George Hillyer (March 17, 1835 – October 2, 1927) was an American politician, serving as the 29th Mayor of Atlanta, Georgia, as well as a state assemblyman and senator. He was also an officer in the Confederate States Army during the American Civil War.
Hillyer was born in Athens, Georgia, one of eight children of Judge Junius Hillyer, a United States Congressman and solicitor of the U.S. Treasury. He graduated from Mercer University in 1854, studied law, and, starting in 1857, served two years in the Georgia General Assembly. He was a delegate to the 1860 Democratic National Convention in Chicago, Illinois. He married Ellen Emily Cooley, and raised a family.

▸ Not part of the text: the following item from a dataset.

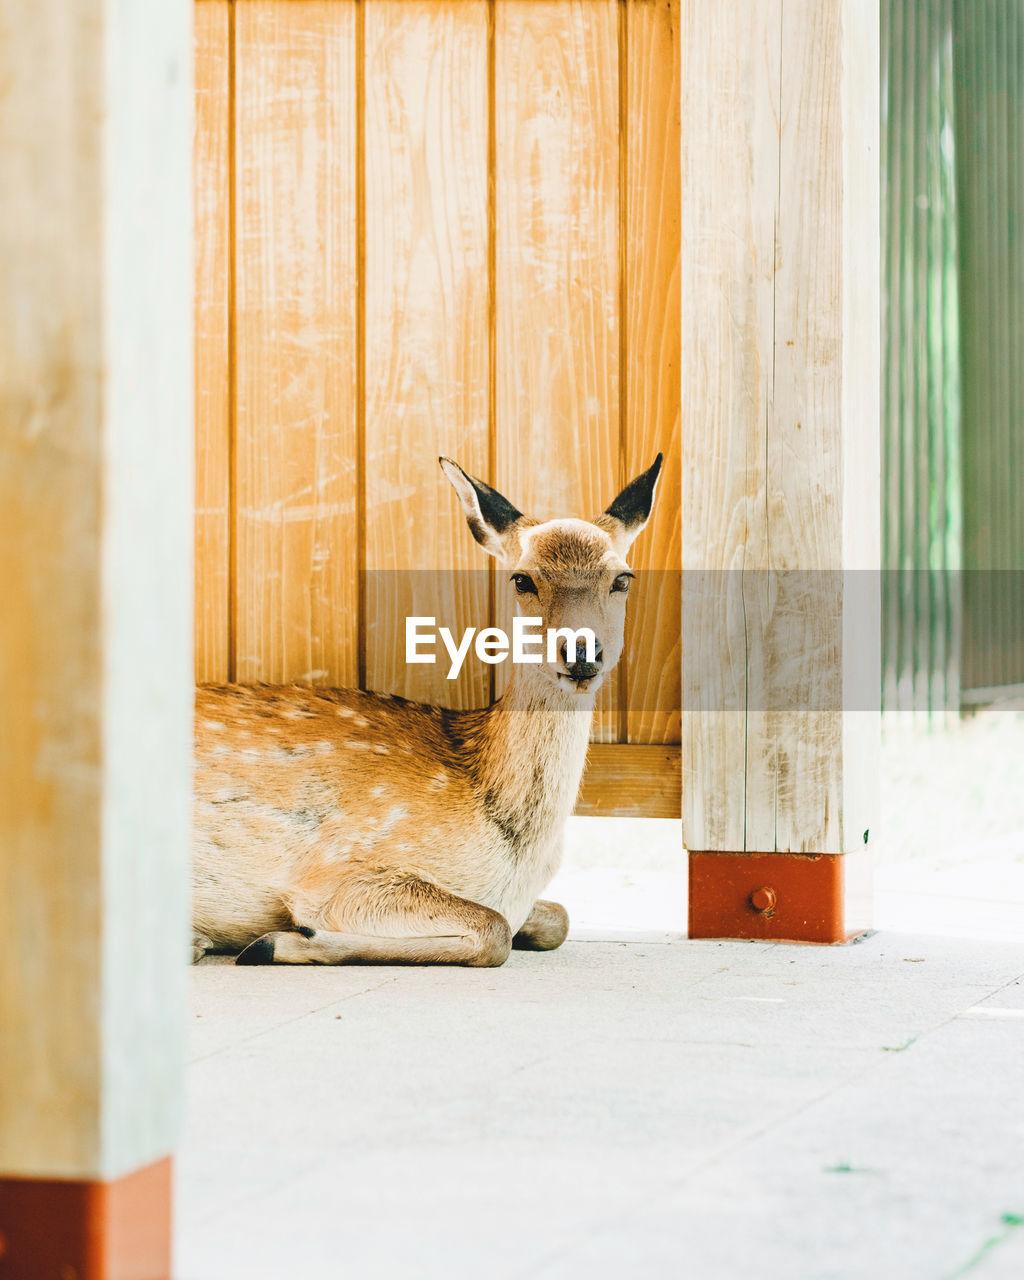 Portrait Of Deer Sitting By Wooden Wall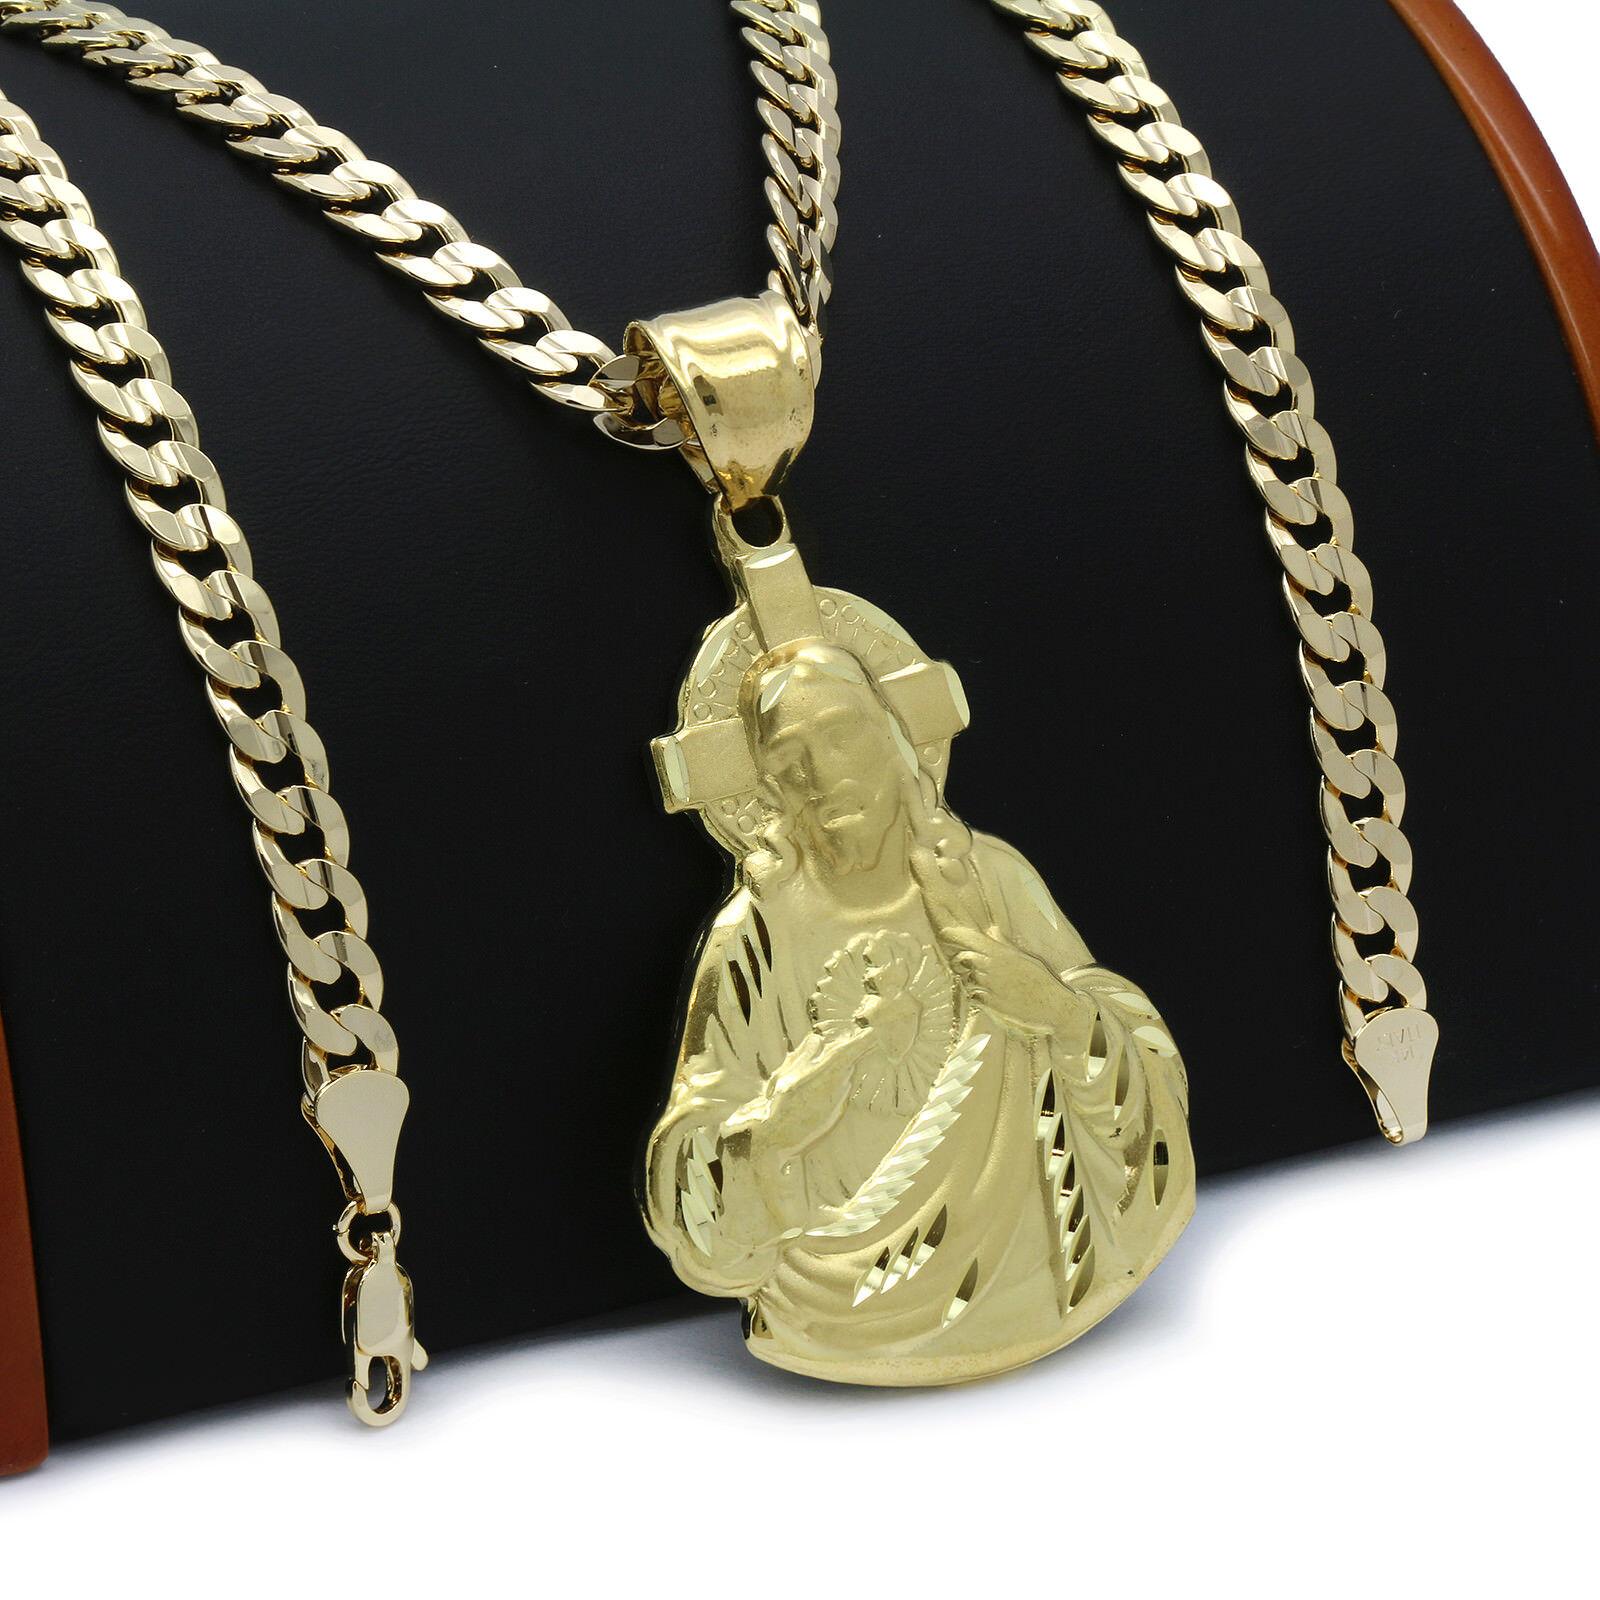 Mens 18k Gold Plated JESUS Hip-Hop Pendant 6mm Cuban Chain N

With the outbreak of the Civil War, he raised a Walton County company known as the "Hillyer Rifles" in the late spring of 1861. The men were mustered into the Confederate Army on June 13, with Hillyer elected as the captain of Company C of the 9th Georgia Volunteer Infantry. He and the regiment were sent by train to Virginia and assigned to the newly created brigade of George "Tige" Anderson in what became the Army of Northern Virginia. Hillyer saw extensive fighting at Fredericksburg (briefly commanding the regiment) and Gettysburg, where he fought at the famed "Wheatfield" on July 2, 1863. The 9th Georgia lost half of its 340 men in the fight, and Hillyer's company suffered considerable losses. With all the senior officers wounded or killed, Hillyer assumed command of the regiment for the rest of the Gettysburg Campaign, and wrote the official report of the 9th Georgia's service in the battle.